> **Instructions for the task**: Take the lines below from the one with "Chassis Front Frame" through the one with "Asiago plateau, Italy." and print only them, exactly. Don't print the pictures.

> **Exercise data**:
+++

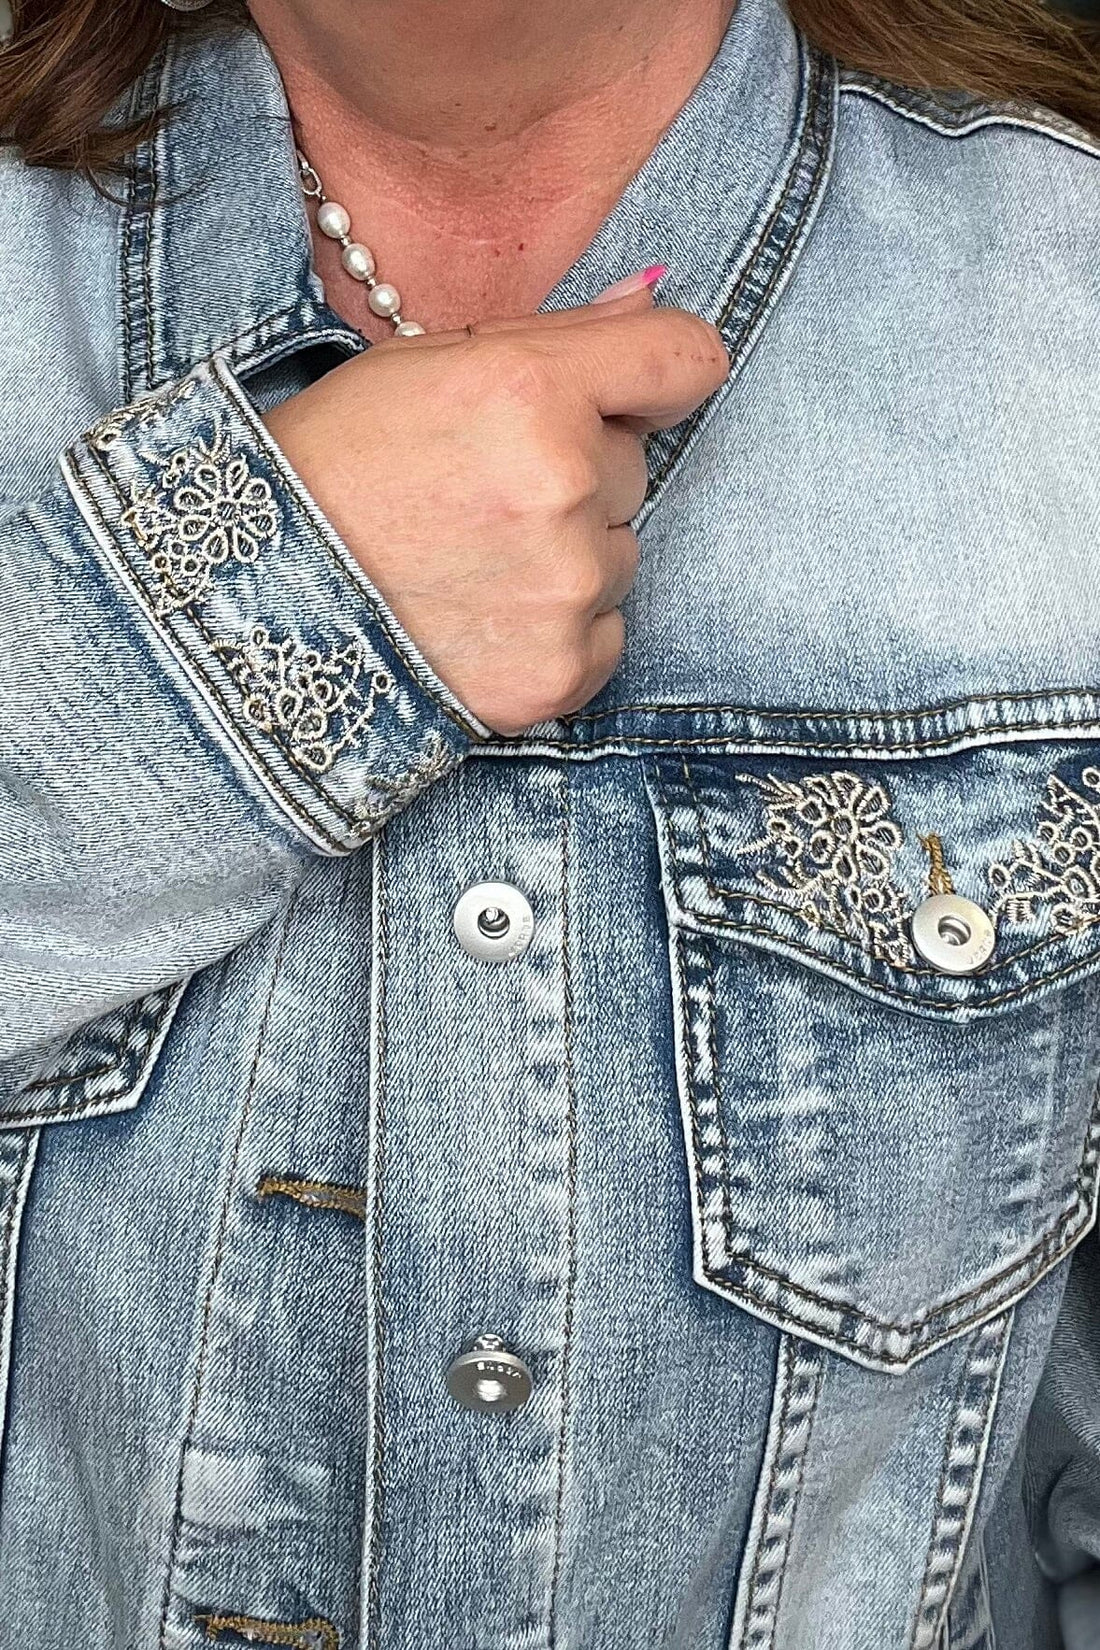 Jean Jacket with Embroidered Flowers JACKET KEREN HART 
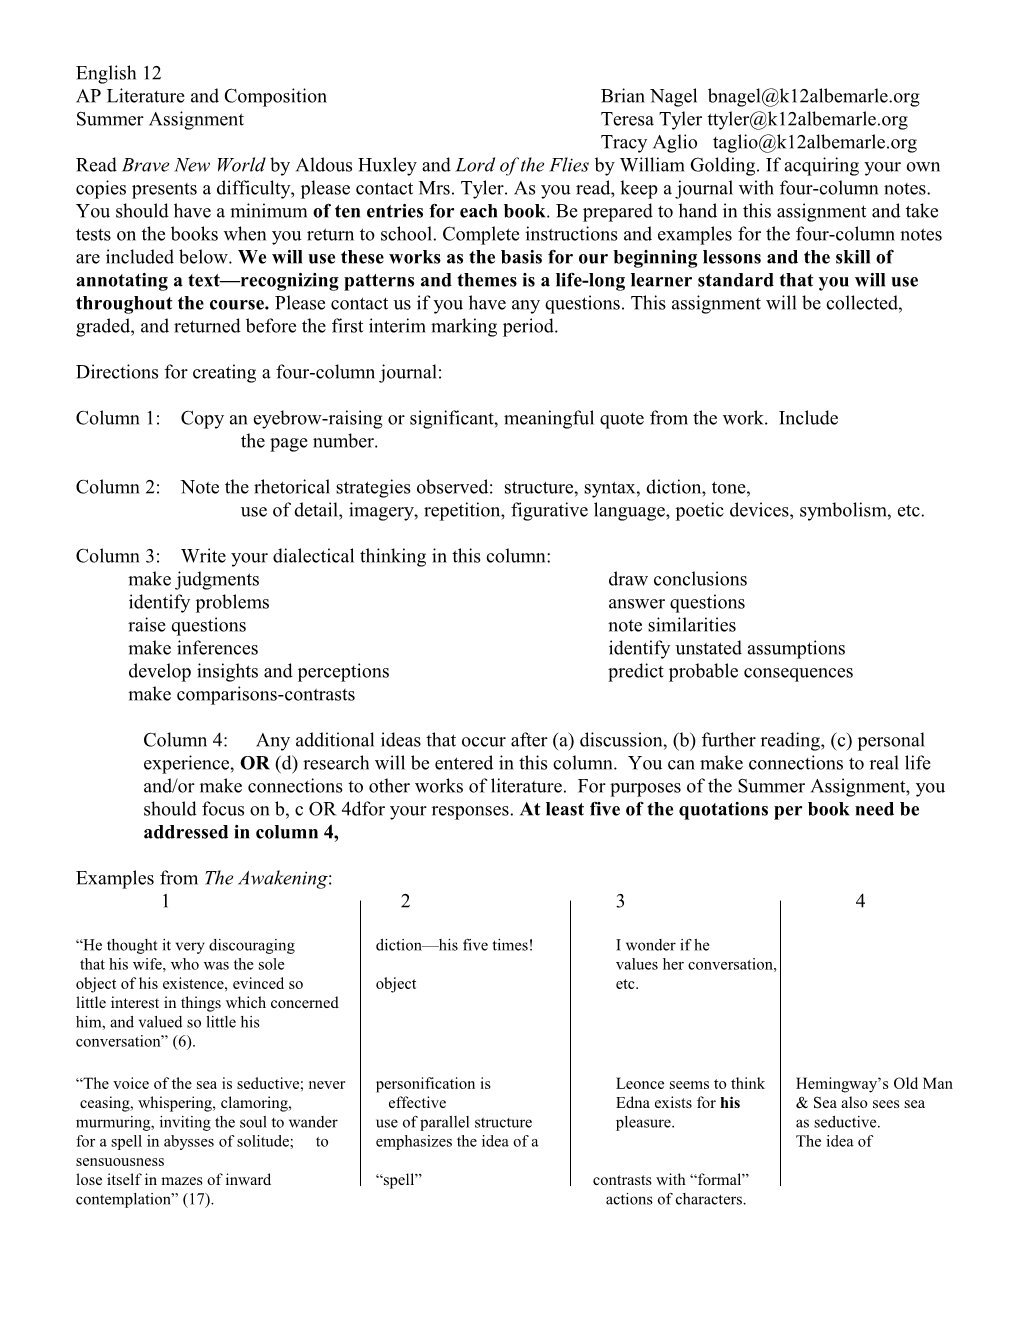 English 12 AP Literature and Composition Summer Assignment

+++

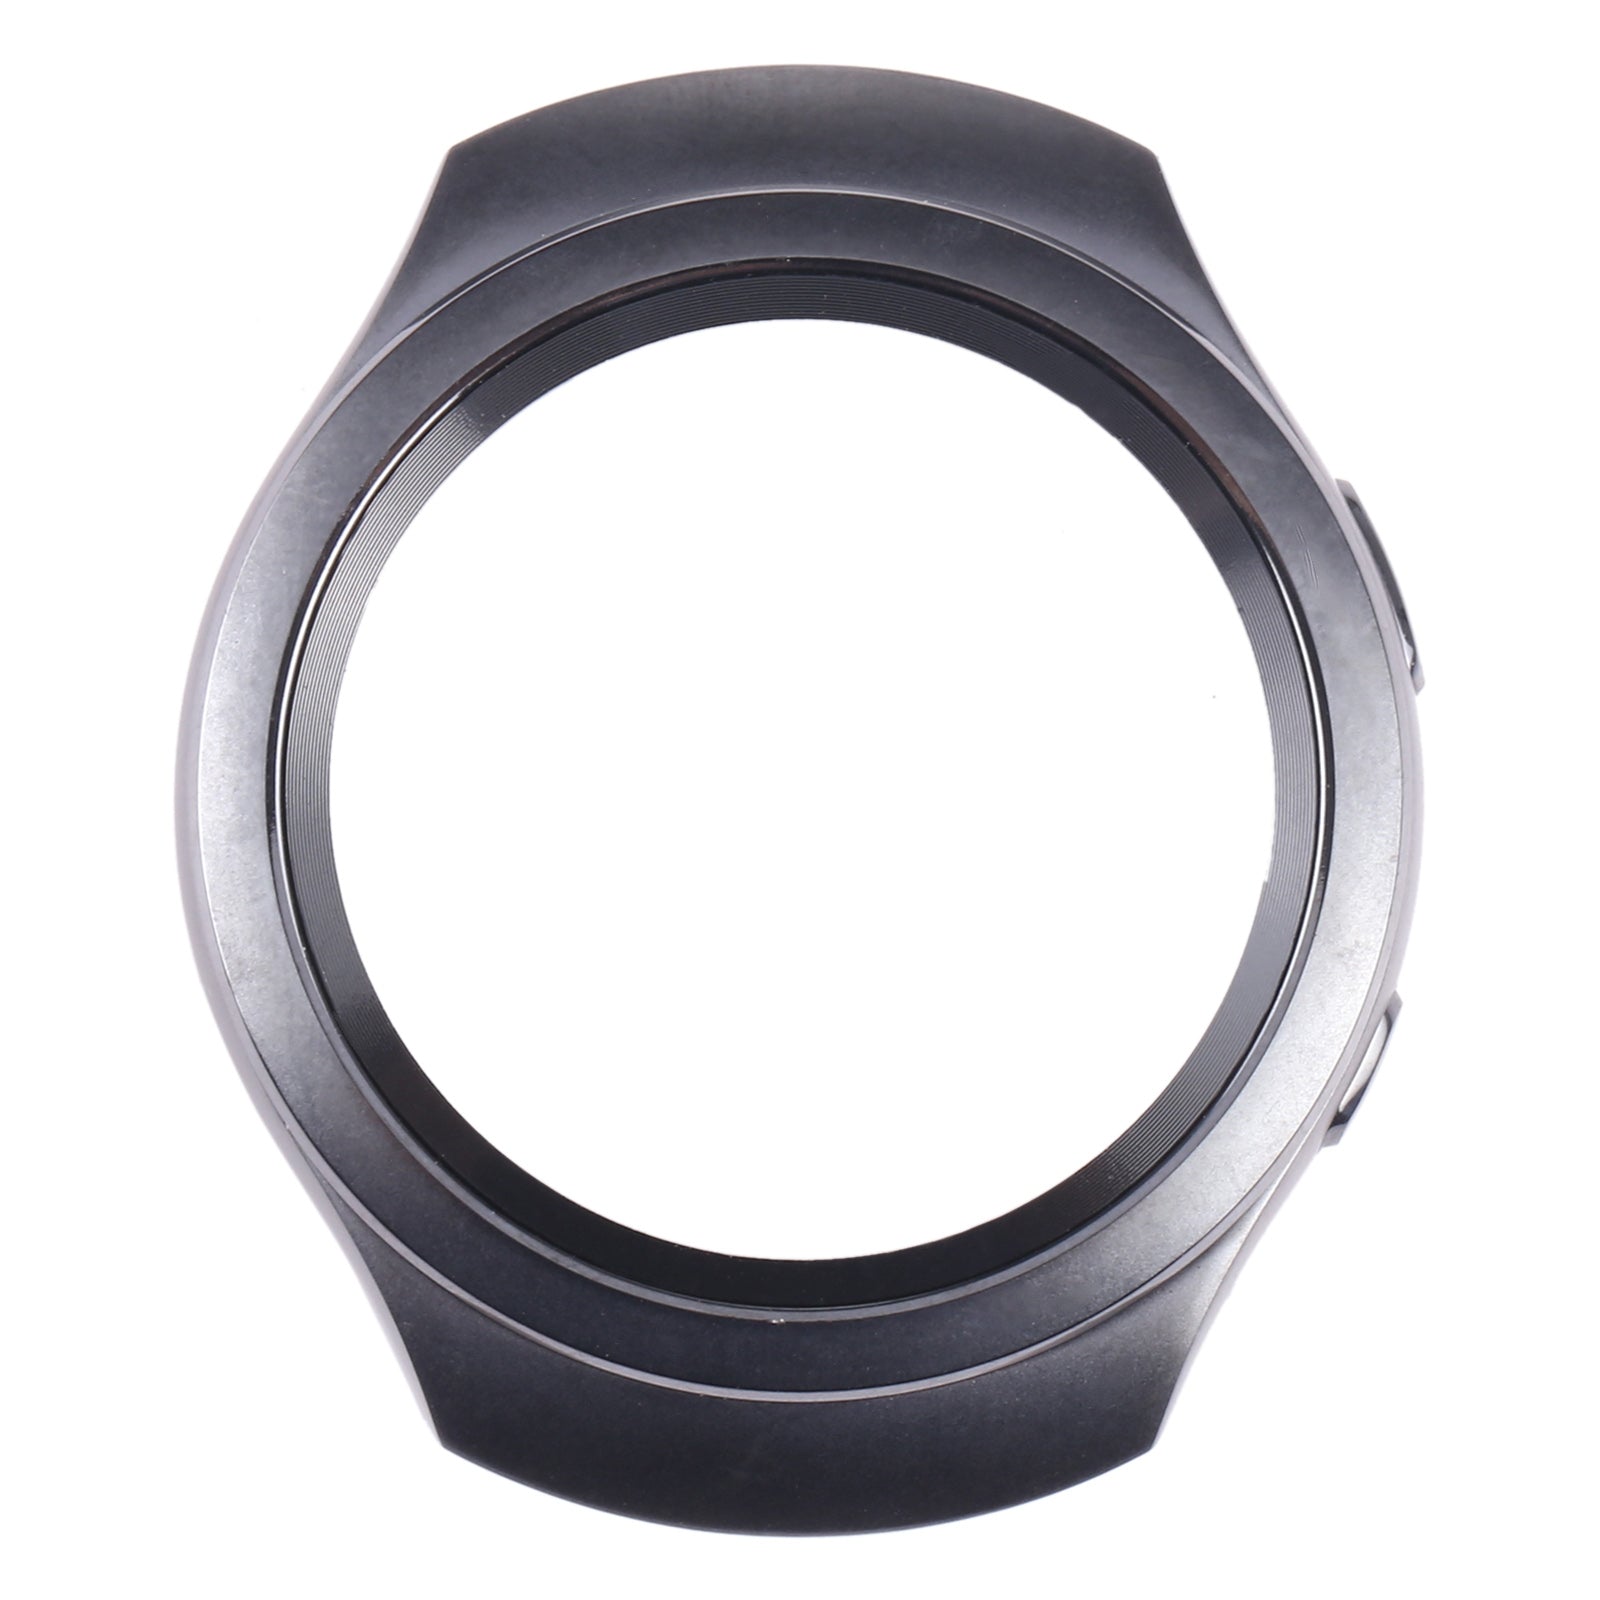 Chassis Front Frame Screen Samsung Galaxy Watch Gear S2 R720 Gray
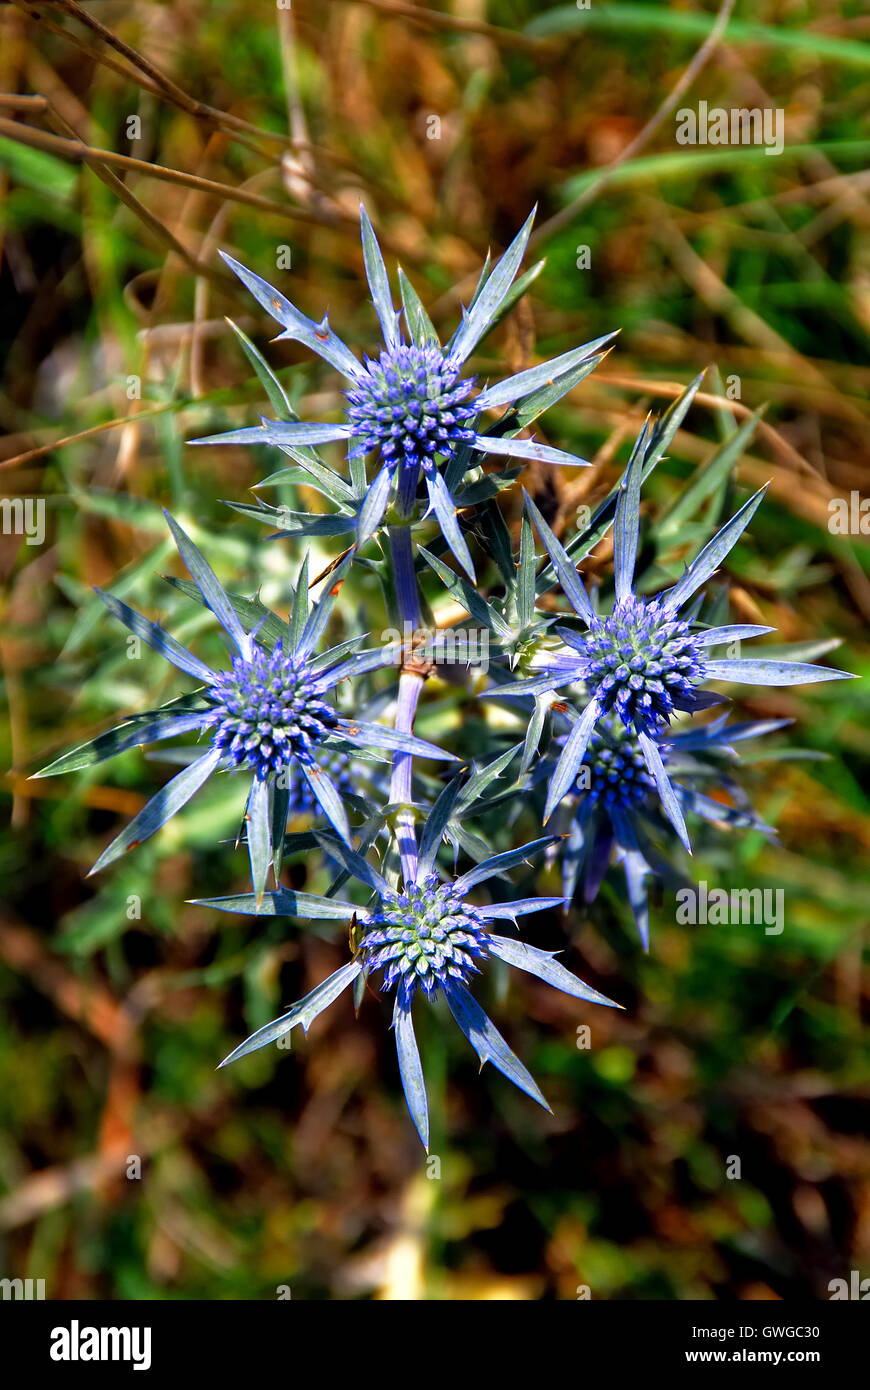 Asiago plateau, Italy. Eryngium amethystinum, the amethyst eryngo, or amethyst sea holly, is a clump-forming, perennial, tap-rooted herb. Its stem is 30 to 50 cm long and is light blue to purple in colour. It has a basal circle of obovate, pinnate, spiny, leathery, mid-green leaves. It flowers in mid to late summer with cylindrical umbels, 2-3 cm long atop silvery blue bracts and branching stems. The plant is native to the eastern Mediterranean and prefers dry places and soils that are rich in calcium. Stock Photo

+++

> **Result for this task**:
 Chassis Front Frame Screen Samsung Galaxy Watch Gear S2 R720 Gray
 Asiago plateau, Italy. Eryngium amethystinum, the amethyst eryngo, or amethyst sea holly, is a clump-forming, perennial, tap-rooted herb. Its stem is 30 to 50 cm long and is light blue to purple in colour. It has a basal circle of obovate, pinnate, spiny, leathery, mid-green leaves. It flowers in mid to late summer with cylindrical umbels, 2-3 cm long atop silvery blue bracts and branching stems. The plant is native to the eastern Mediterranean and prefers dry places and soils that are rich in calcium. Stock Photo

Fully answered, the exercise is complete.